Re: combinatorics problem
- To: mathgroup at smc.vnet.net
- Subject: [mg7553] Re: [mg7514] combinatorics problem
- From: "C. Woll" <carlw at u.washington.edu>
- Date: Fri, 13 Jun 1997 19:38:03 -0400 (EDT)
- Sender: owner-wri-mathgroup at wolfram.com
On Tue, 10 Jun 1997, Xah Lee wrote:
> A combinatorics related programing problem.
>
> I have a list Permutations[Range[n]]. I want to reduce the list by the
> following criteria:
>
> (1) Two lists are considered the same if one is the other shifted.
> (RotateRight).
>
> (2) Two lists are considered the same if one is the other reversed.
>
> ...
Hi Xah,
How about the following approach. Define a function which generates a
canonical form for each loop:
canon[a_?PermutationQ] :=
Module[{len = Length[a],
i1 = Position[a,1][[1,1]],
i2 = Position[a,2][[1,1]]},
If[ Mod[ i2-i1, len ] < len/2,
RotateLeft[a,i1-1],
Reverse[RotateRight[a,len-i1]
]
]
The above function converts a loop specification into a canonical form,
which is described by starting with 1, and then going in the direction
where 2 is reached first.
Now, let's apply this function on your example
> ...
>
> Union[{{2,1,3,4},{3,4,1,2},{3,4,2,1}},SameTest->sameTestQ]
>
> ...
Union[ canon /@ {{2,1,3,4},{3,4,1,2},{3,4,2,1}} ]
which returns
{{1,2,3,4},{1,2,4,3}}
In terms of canon, your test function could be written
sametestQ[a_?PermutationQ,b_?PermutationQ]:=canon[a]===canon[b]

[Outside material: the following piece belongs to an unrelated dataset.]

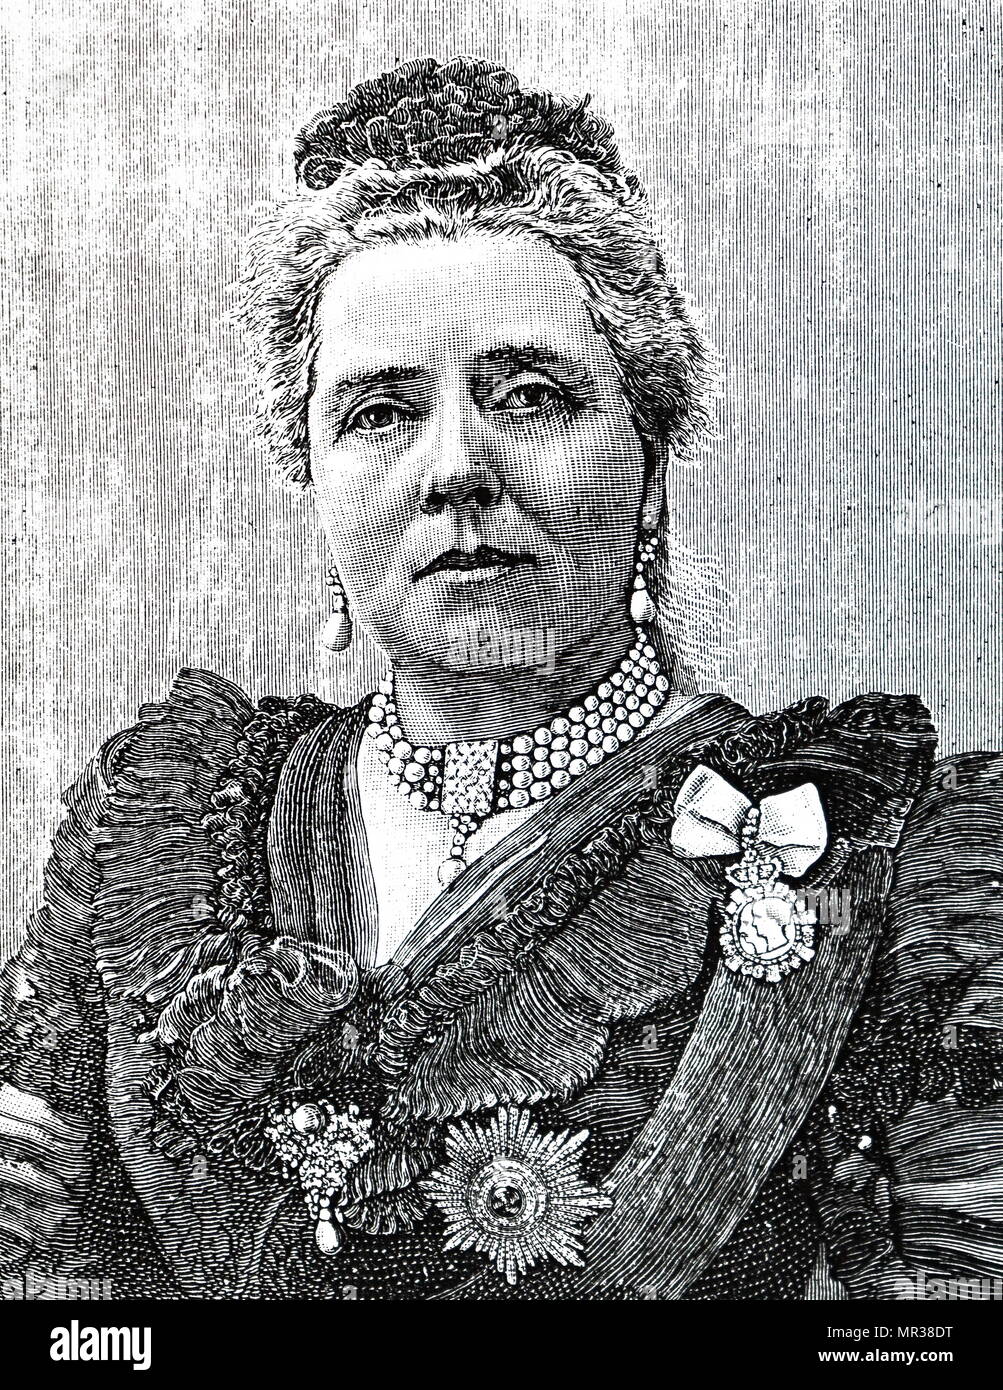 Portrait de Victoria, princesse royale (1840-1901) a été l'Impératrice allemande et Reine de Prusse par mariage à l'empereur allemand Frédéric III. En date du 19e siècle Banque D'Images

Of course, generating all the loops by doing something like
Union[ canon /@ Permutations[Range[n]] ]
will become slow very quickly.
Also, there may be a canned routine which does this for you in
DiscreteMath`Combinatorica`, for example, something along the lines of
HamiltonianCycle.
Carl